Johlen, pfeifen, klatschen: So begleiten die gut 300 Teilnehmer eine Protestveranstaltung gegen die Corona-Maßnahmen der Bundesregierung. Eine der Organisatorinnen ist Katja Reithofer, die gleichzeitig Bundesparteivorstand der "Demokratischen Familienpartei Österreich" ist. Was sie von den Plänen eines Lockdowns für Ungeimpfte hält? "Zunächst einmal: gar nix", sagt die 39-Jährige, die auch betont, "medizinisches Fachpersonal" habe zu der Kundgebung aufgerufen.

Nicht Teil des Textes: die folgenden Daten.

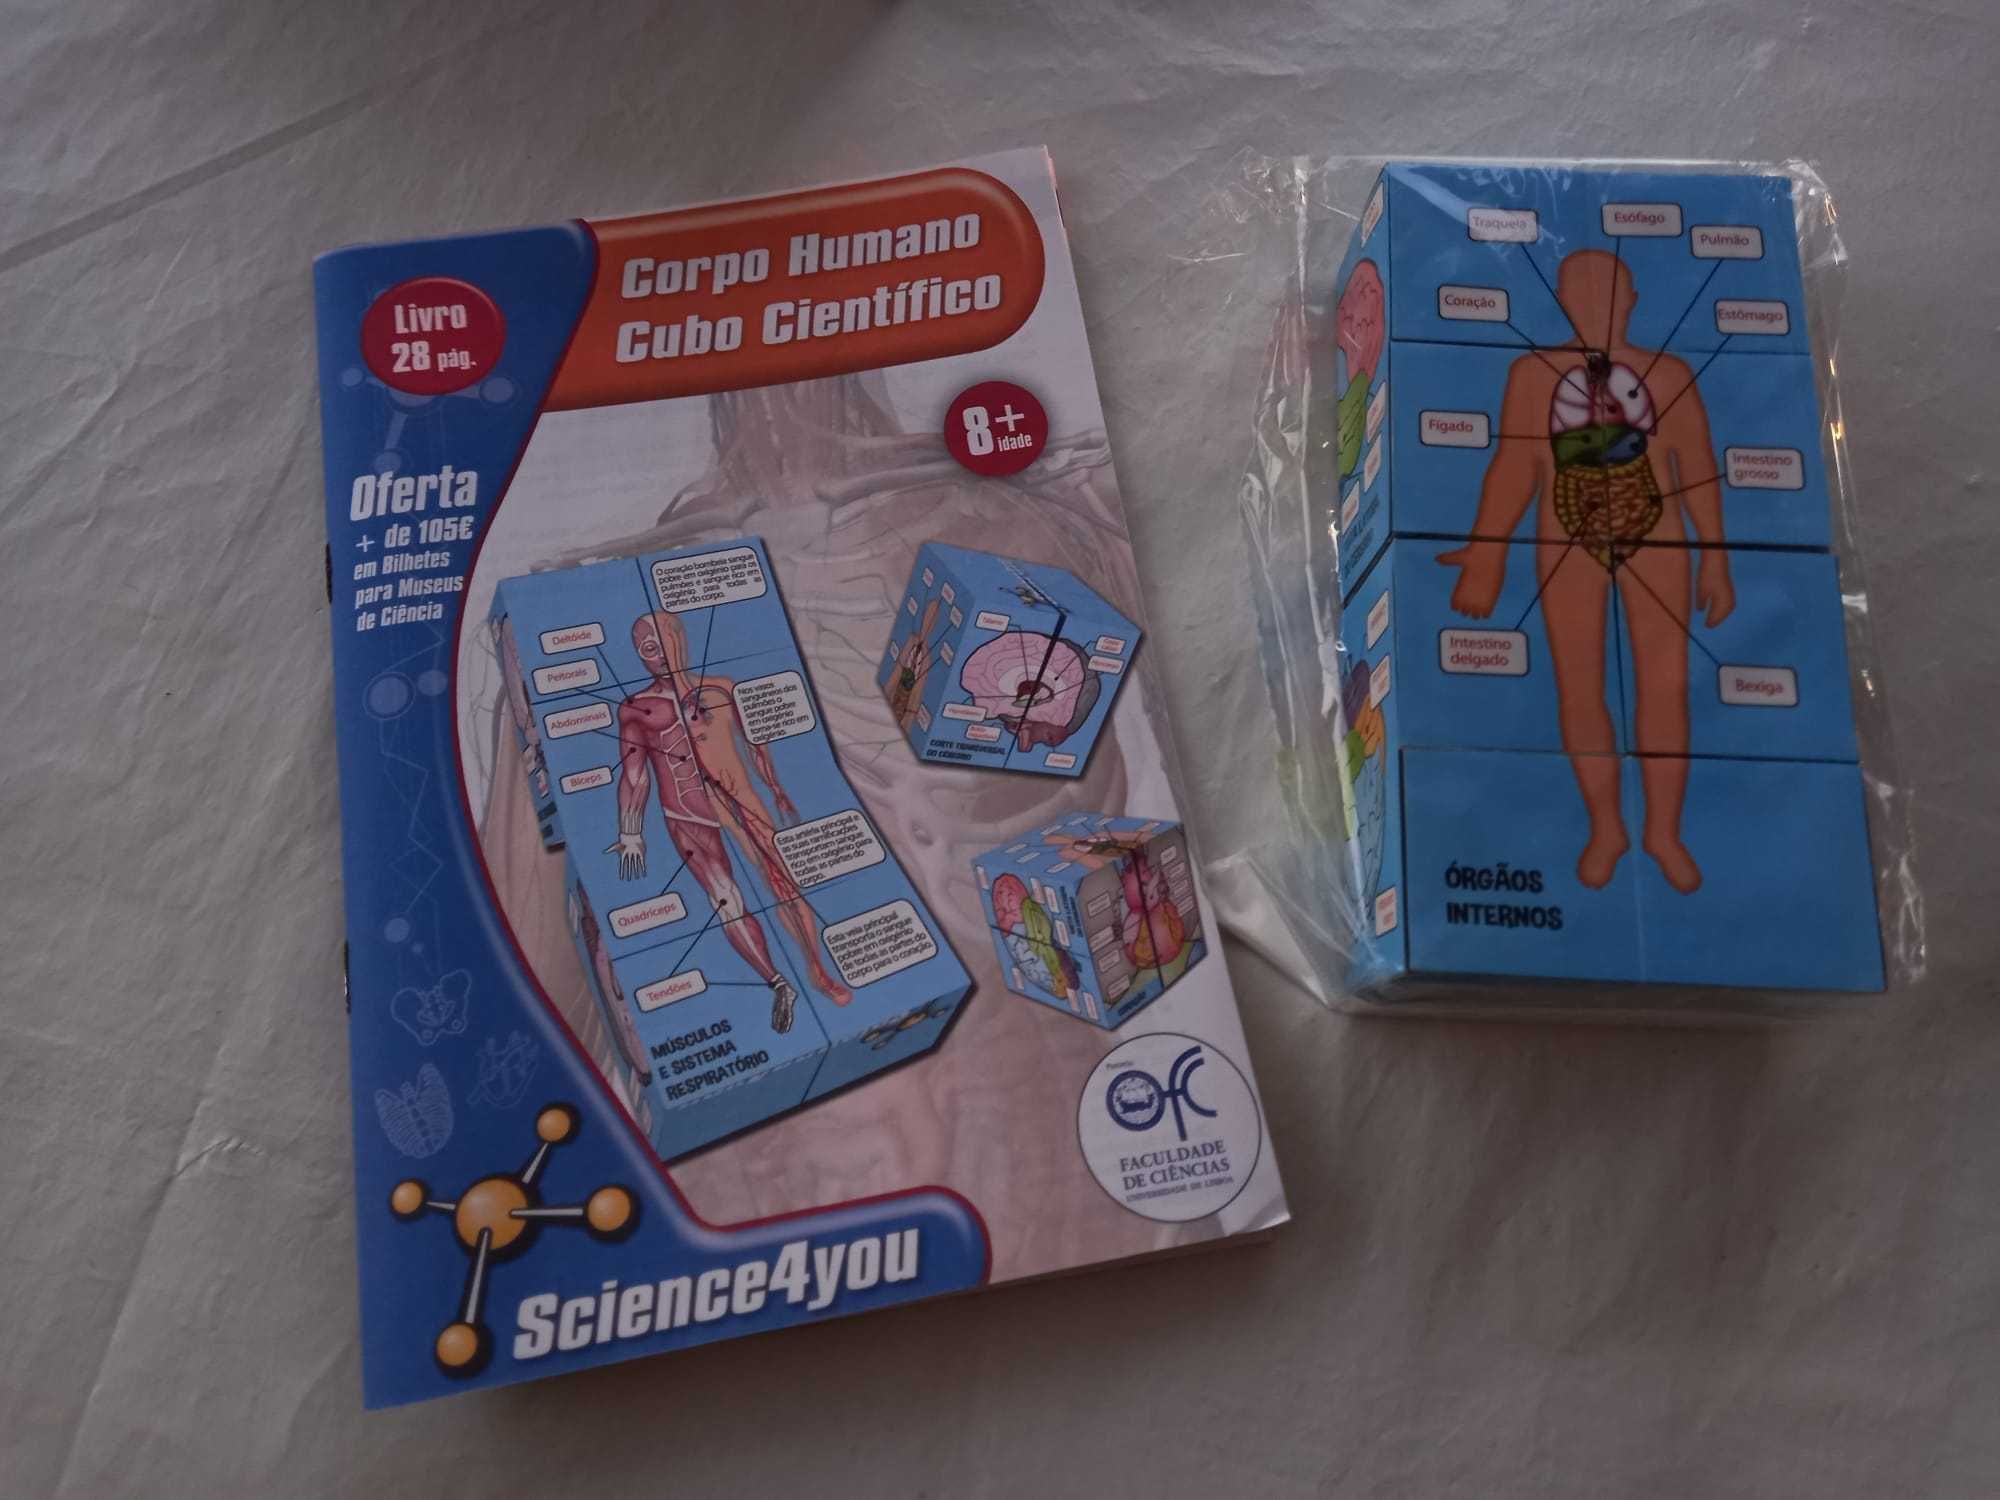 Brinquedo / CUBO Científico Corpo Humano SCIENCE 4 YOU

Physiotherapie und "praktische Psychologie"

Sie selbst sei Physiotherapeutin und Trainerin für praktische Psychologie und halte die Regelungen für "entwürdigend". Sie kritisiert Ärztekammerpräsident Thomas Szekeres: "Der sagt, 'die' dürfen arbeiten und spazieren gehen und sonst nichts. 'Die'", meint sie verächtlich.

Es handle sich "um eine neue Form des Antisemitismus". Was genau Juden mit den Maßnahmen zu tun hätten? – "Ich sag ja, eine neue Form." – "Aber der Begriff Antisemitismus impliziert ja, dass sich etwas gegen Semiten richtet? Meinen Sie vielleicht eine neue Form der Diskriminierung?" – "Ja, dann halt Diskriminierung", erklärt sie, während sie vor dem als "Deserteursdenkmal" bekannten Denkmal für die Verfolgten der NS-Militärjustiz die letzten Vorbereitungen für die Demonstration trifft.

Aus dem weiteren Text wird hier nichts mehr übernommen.